About

Lea Vandervelde's Scholarship can be found at: https://papers.ssrn.com/sol3/cf_dev/AbsByAuth.cfm?per_id=38086

Lea VanderVelde is the Josephine R. Witte Professor of Law at the University of Iowa College of Law. She writes in the fields of employment law, property law, 19th century legal history, and constitutional law.

Her latest book is Redemption Songs: Suing for Freedom before Dred Scott (Oxford University Press 2014)  is based upon the discovery of almost 300 freedom suits brought by slaves in the St. Louis courts. Those files are now available on the web. An article describing her role in their discovery can be found in the Los Angeles Times, March 18, 2003. Additional data about the lawsuits, arranged by family and by entry in the day book, can be found here.

Redemption Songs follows her 2009 book, Mrs. Dred Scott: A Life on Slavery's Frontier (Oxford University Press 2009)  which is a full-scale biography of Harriet, the hidden protagonist in the infamous Supreme Court decision, Dred Scott v. Sandford. This work is a biography which many said couldn't be written and is one of the first of its kind to be published because Harriet was illiterate and left no letters in her own hand. Instead, the book meticulously reconstructs her life from hundreds of documents documenting the context in which she lived as well as the agendas of the masters she served.

Before the full-scale biography, Lea VanderVelde a law review article, with the same title, Mrs. Dred Scott. Mrs. Dred Scott (with Subramanian) is a feministic analytic demonstrating how the double subordination of marriage and enslavement masked the pivotal role that Harriet played in bringing and sustaining the significant law suit.

Recently her legal research has used digital technology and big data, much of which was collected as background material in the process of writing her books. For the last two years, she has been the principal investigator for The Law of the Antebellum Frontier project at the Stanford Spatial History Lab. This project seeks to digitally analyze the legal and economic mechanisms at work on the American frontier territories in the early 1800s by big data and text mining methods. She is currently using topic mining techniques to assess the Territorial Papers of the United States. Understanding these mechanisms of settler colonialism by focusing on how settlers were tied to the national center contributes to the understanding of American identity as well as current research on how empires expand. The American expansion into Ohio and Mississippi river basins during the Antebellum period is also relevant to Constitutional history because the Reconstruction amendments after the Civil War drew new populations and new states into the amending process. The overarching project also uses the techniques -- GIS mapping, geolocation, social network modeling -- to examine the vast amount of very old texts and documents about the antebellum frontier. More about the project can be found here.

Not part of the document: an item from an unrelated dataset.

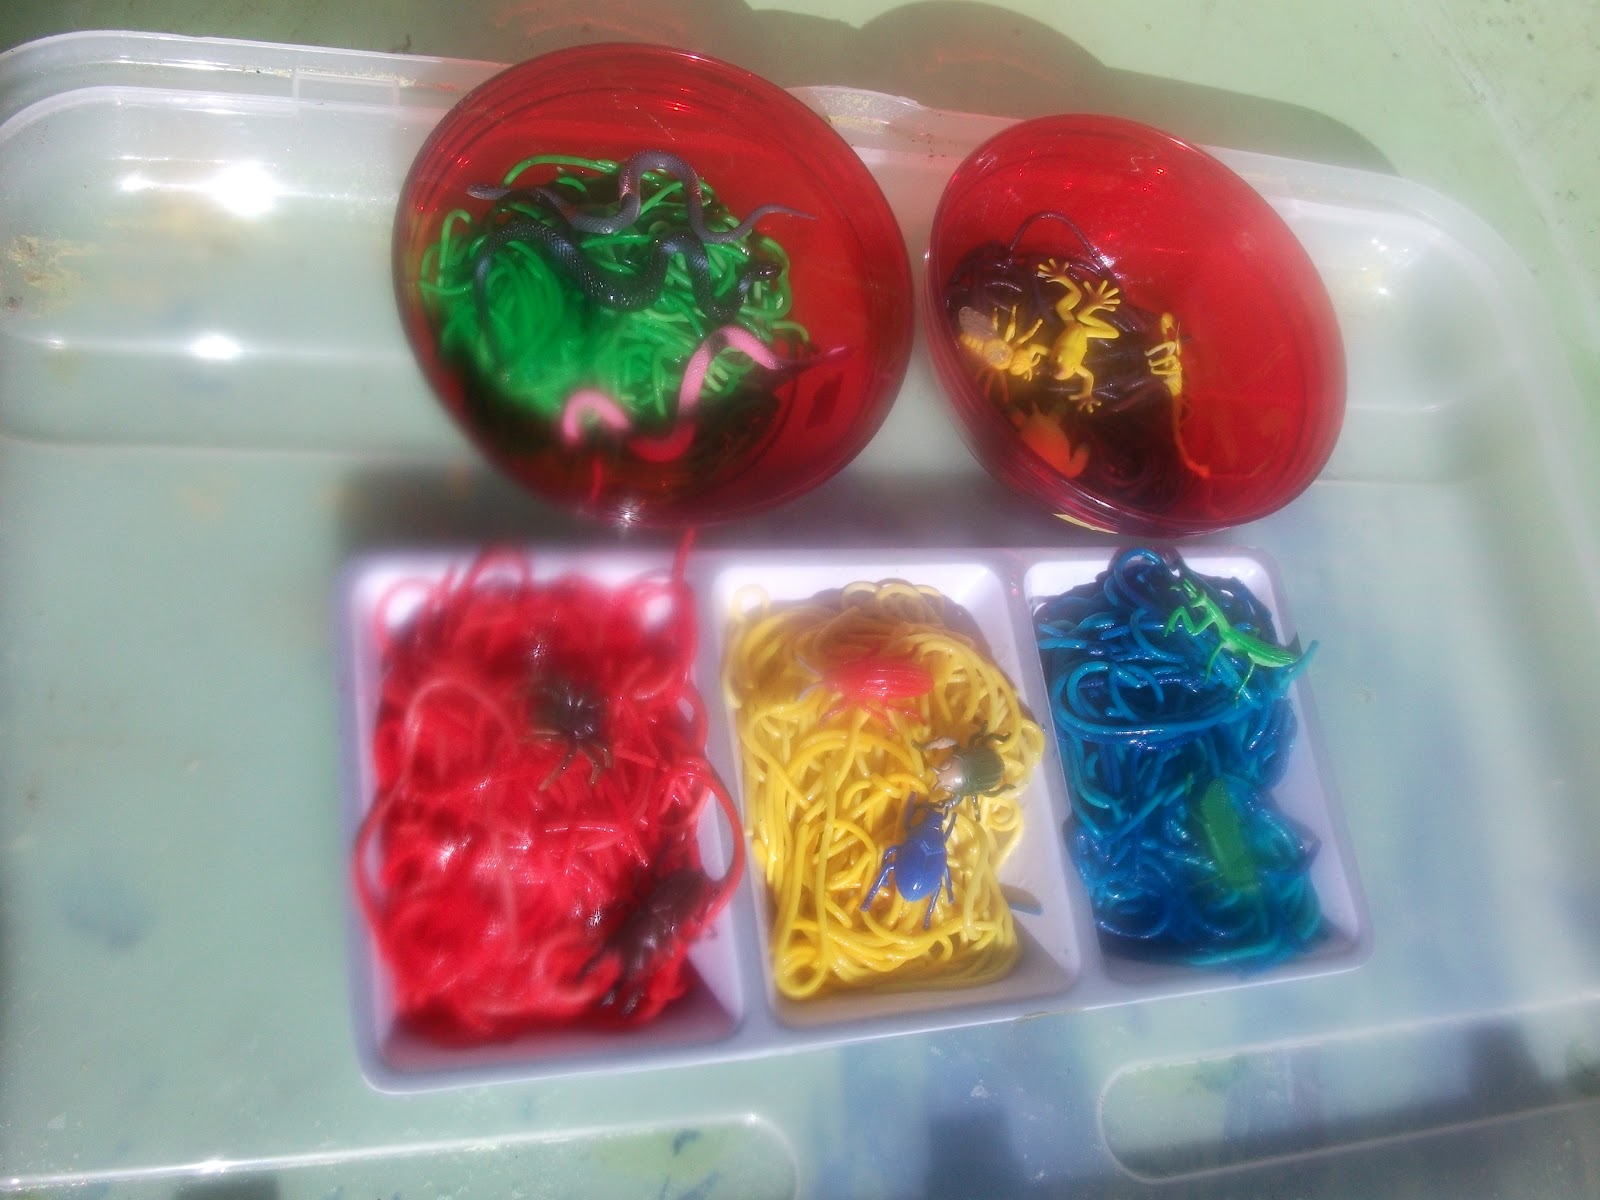 Adventures at home with Mum: Rainbow Spaghetti & Bug Cooking

Lea VanderVelde has authored more than 20 other works. Her legal scholarship can be found here.

Several of her works focus on gender to demonstrate how women's legal history resulting in more probative understandings of established areas of law. Her works on contract doctrine, The Gendered Origin of the Lumley Doctrine and intentional tort and rape, The Legal Ways of Seduction, are thought to be path-breaking and comprehensive. Her work frequently looks deeply into a famous case or series of cases which concern subordinated persons in their working lives. A Singular Conscience: In Re Summers drew on interviews of Clyde Summers before he died about the events surrounding a United States Supreme Court decision in 1946 that upheld the denial of his admission to practice law in Illinois because he had taken conscientious objector status. Many of her works concern subordination, emancipation, the abolition of slavery by the 13th Amendment of the Constitution and similar legal changes in the status of working people.

She has also co-authored major texts on property law and employment law.